Un peu plus tard, il décide d’enquêter sur le sceau en forme de toile d’araignée. Il se rend place Saint Marc et montre le sceau à quelques scribes. Les premiers ne savent rien, et le troisième bredouille une vague excuse d’un air coupable en prétextant ne rien savoir. Lui sait, c’est certain. Le soir Don Ignacio revient et suit le scribe jusque chez lui. Là il l’aborde et lui redemande ce que signifie le sceau. Il blêmit et refuse de répondre. L’hidalgo menace, mais l’autre explique les yeux exorbités qu’il peut lui faire ce qu’il veut, ce ne sera jamais rien en comparaison avec ce que EUX peuvent lui faire. Puis il rentre chez lui.
L’espagnol planque, et ne tarde pas à apercevoir le scribe sortir en catimini avec des airs de conspirateurs pour aller déposer une lettre dans une bouche d’or. N’écoutant que son courage, il va chercher de l’huile dans une barque et met le feu à la bouche d’or, espérant détruire ainsi le mot qui l’incrimine. Hélas il fait ça en plein jour sans se cacher, et lorsqu’il rentre chez lui, il se rend compte qu’il est suivi. Il traine un peu, et de retour à son logis, trois pendards sont là pour l’inviter à les suivre. Se sentant dans le pétrin, il décide de n’opposer aucune résistance. Il est conduit au Palais des Doges, emmené dans des couloirs sans fin dans une petite pièce ou il rencontre celui qu’il appellera par la suite le Petit Inquisiteur. C’est en quelque sorte le chef de la police secrète de Venise, ne répondant qu’aux trois grands inquisiteurs en personne.

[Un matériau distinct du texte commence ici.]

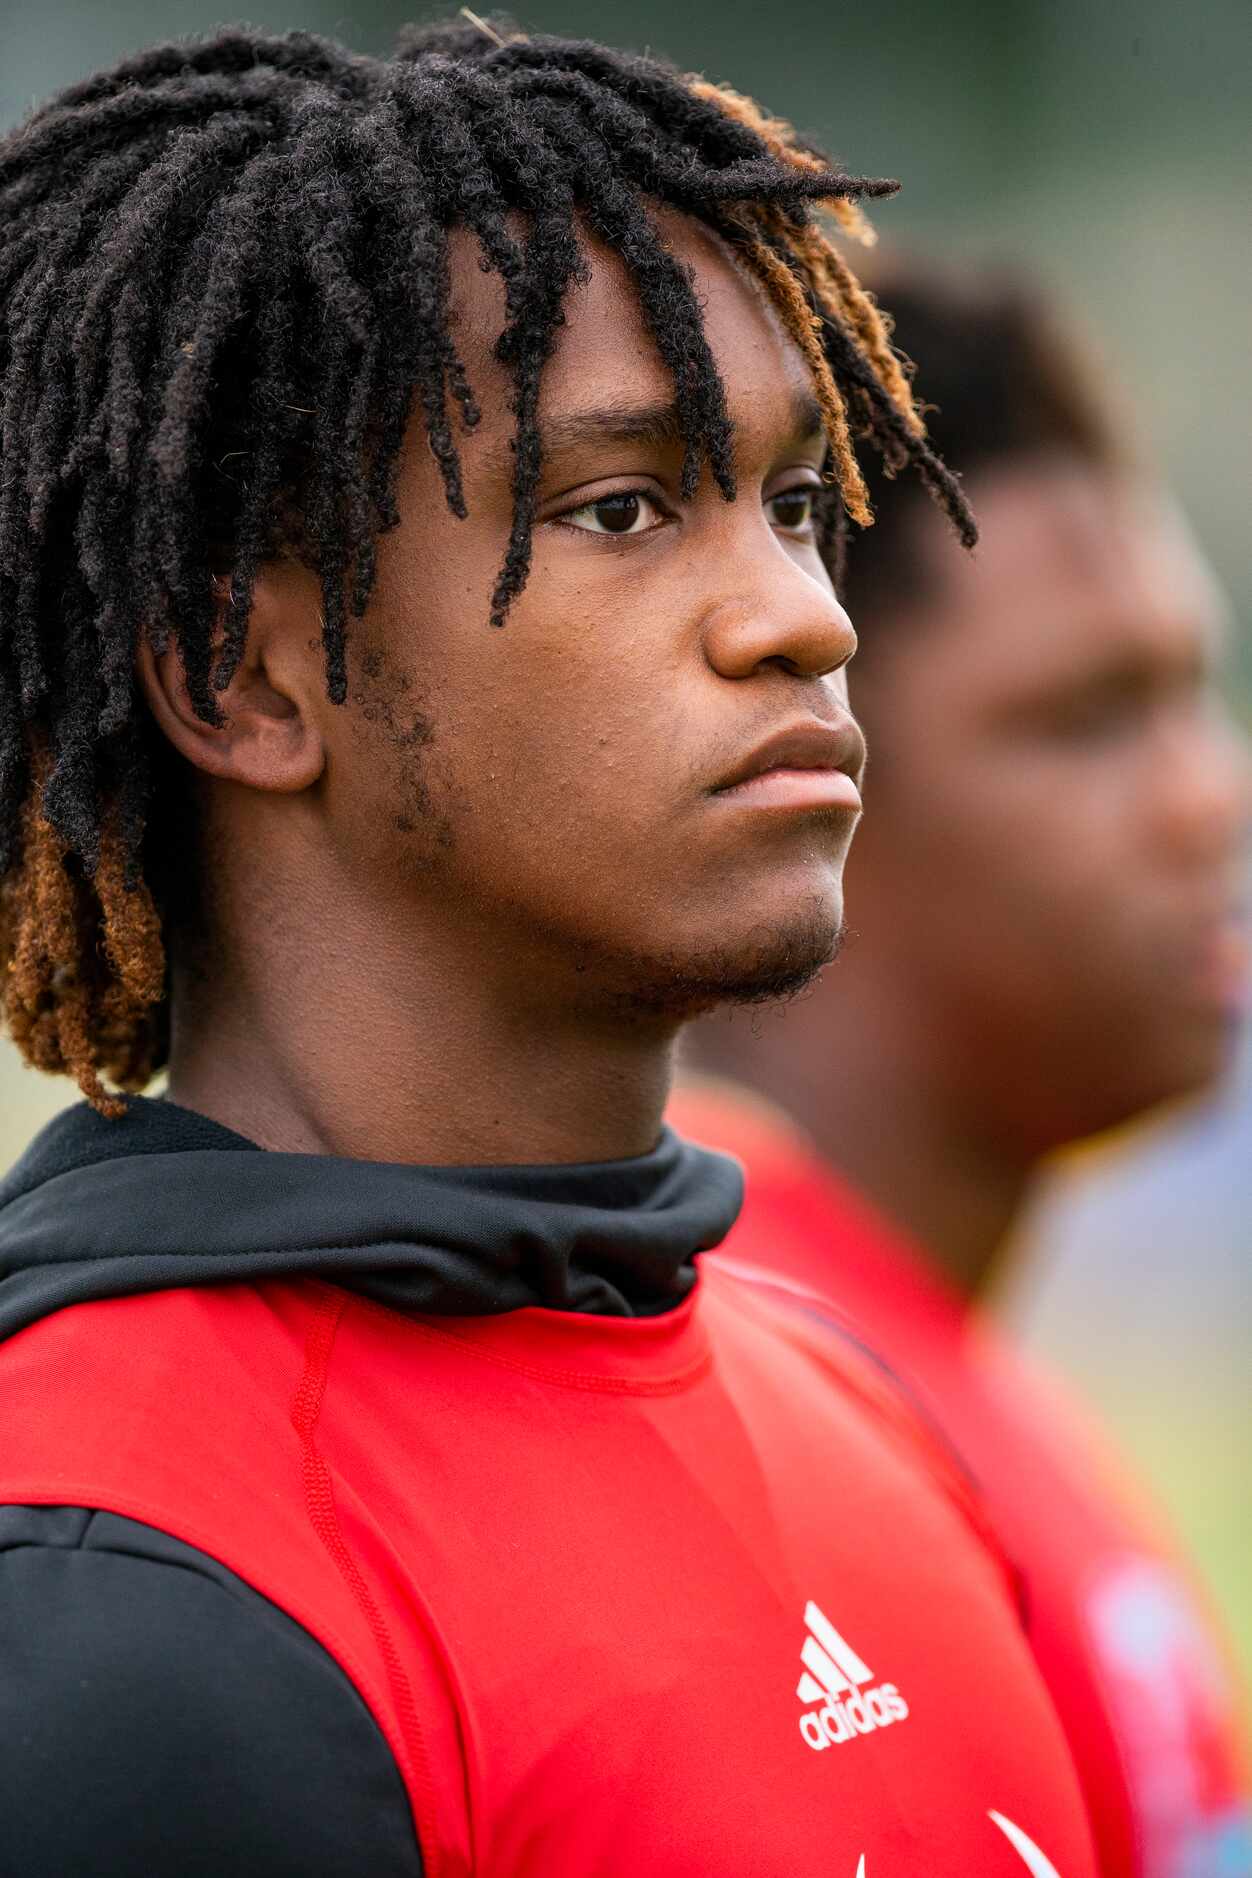 Carter senior linebacker Janari Hyder looks on during the first day of football practice at...

Il questionne Don Ignacio sur ce que qu’il suppose être la raison de sa présence ici. Ne sachant pas ce que sait de lui la personne qui l’interroge, il n’en dit que très peu, préférant le laisser venir. Effectivement il en sait pas mal : La bouche d’or, l’attentat contre l’ambassadeur, et plus encore. Mais rien de ses histoires avec la toile d’araignée et la femme brune. Dieu merci le chef de la police ne lui tiendra pas rigueur de son acte de vandalisme, et semble croire les explications assez fumeuses qu’il lui sert. A la fin de l’entretien, il lui demande si il veut bien travailler pour lui en laissant trainer ses oreilles à l’ambassade, en échange d’une place au consulat d’Espagne à… Paris. Le fier hidalgo refuse tout net, ne voulant pas trahir son roi. En conséquence le petit inquisiteur lui signifie que la surveillance autour de lui ne pourra aller qu’en s’intensifiant. Ils se quittent néanmoins courtoisement.